Musik-Bildung im Abseits

Unterricht Die Musikschule muss immer mehr finanzielle Anforderungen auffangen. Die LehrerInnen landen darüber in prekärer Beschäftigung

Seit 2003 wurdendie Honorare derLehrenden nicht mehr erhöht

Die LehrerInnen der öffentlichen Musikschule sind zunehmend auf Honorarbasis angestellt. Das geht aus einer Antwort des Senats auf eine Anfrage der Linksfraktion hervor. Der Stand der musikalischen Bildung und die Situation der öffentlichen Musikschulen wurde am Dienstag in der Stadtbürgerschaft debattiert.
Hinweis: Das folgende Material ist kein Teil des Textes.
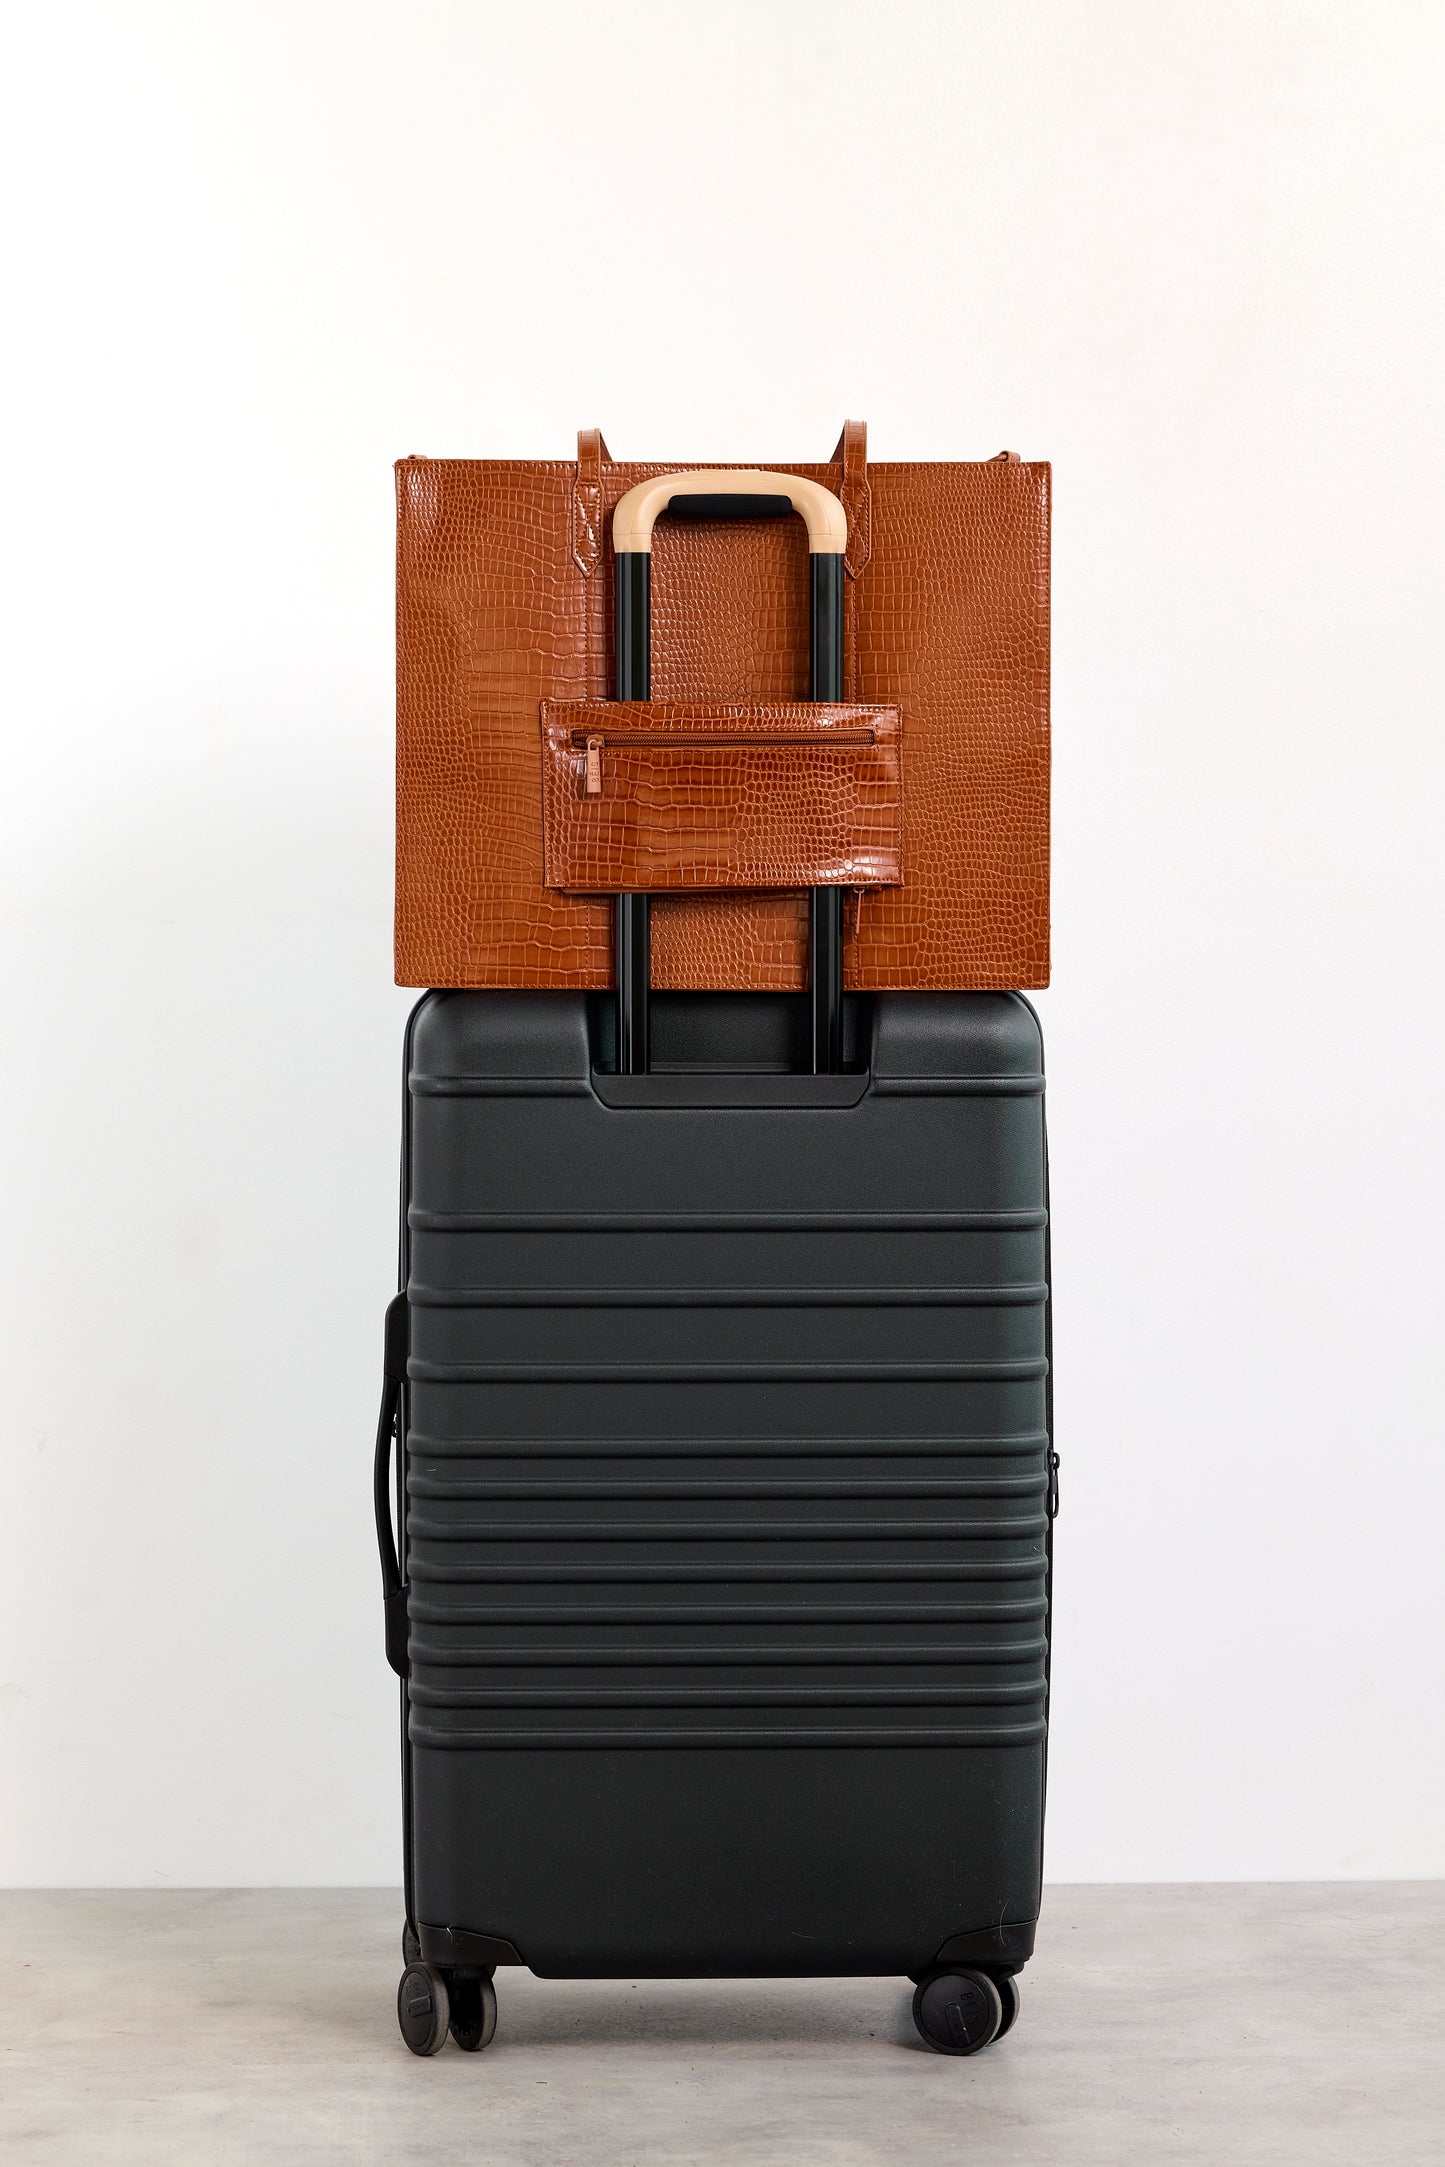 The Large Work Tote in Cognac Croc

Insgesamt ist die Bremer Musikschule in 18 Stadtteilen aktiv. Etwa 3.000 SchülerInnen bekommen dort Einzel- oder Gruppenunterricht. Seit 2005 hat sich die Anzahl der festangestellten Mitarbeiter von 79 auf 49 reduziert, die Zahl der Honorarkräfte stieg im gleichen Zeitraum allerdings von 56 auf 90.

Aus der Antwort des Senats geht hervor: Zwei Drittel des Unterrichts werden von Honorarkräften geleistet, überwiegend Menschen zwischen 20 und 40 Jahren. Dies stößt bei den Linken auf Kritik: „Wer als junger Mensch in Bremen Musiklehrer oder Musiklehrerin werden will, darf sich von vornherein auf prekäre Beschäftigung und Hangeln von Honorarvertrag zu Honorarvertrag einstellen“, sagt Miram Strunge, die kulturpolitische Sprecherin der Linksfraktion. Sie fordert eine „Einstellungsoffensive“ mit mehr Festanstellungen der jungen LehrerInnen.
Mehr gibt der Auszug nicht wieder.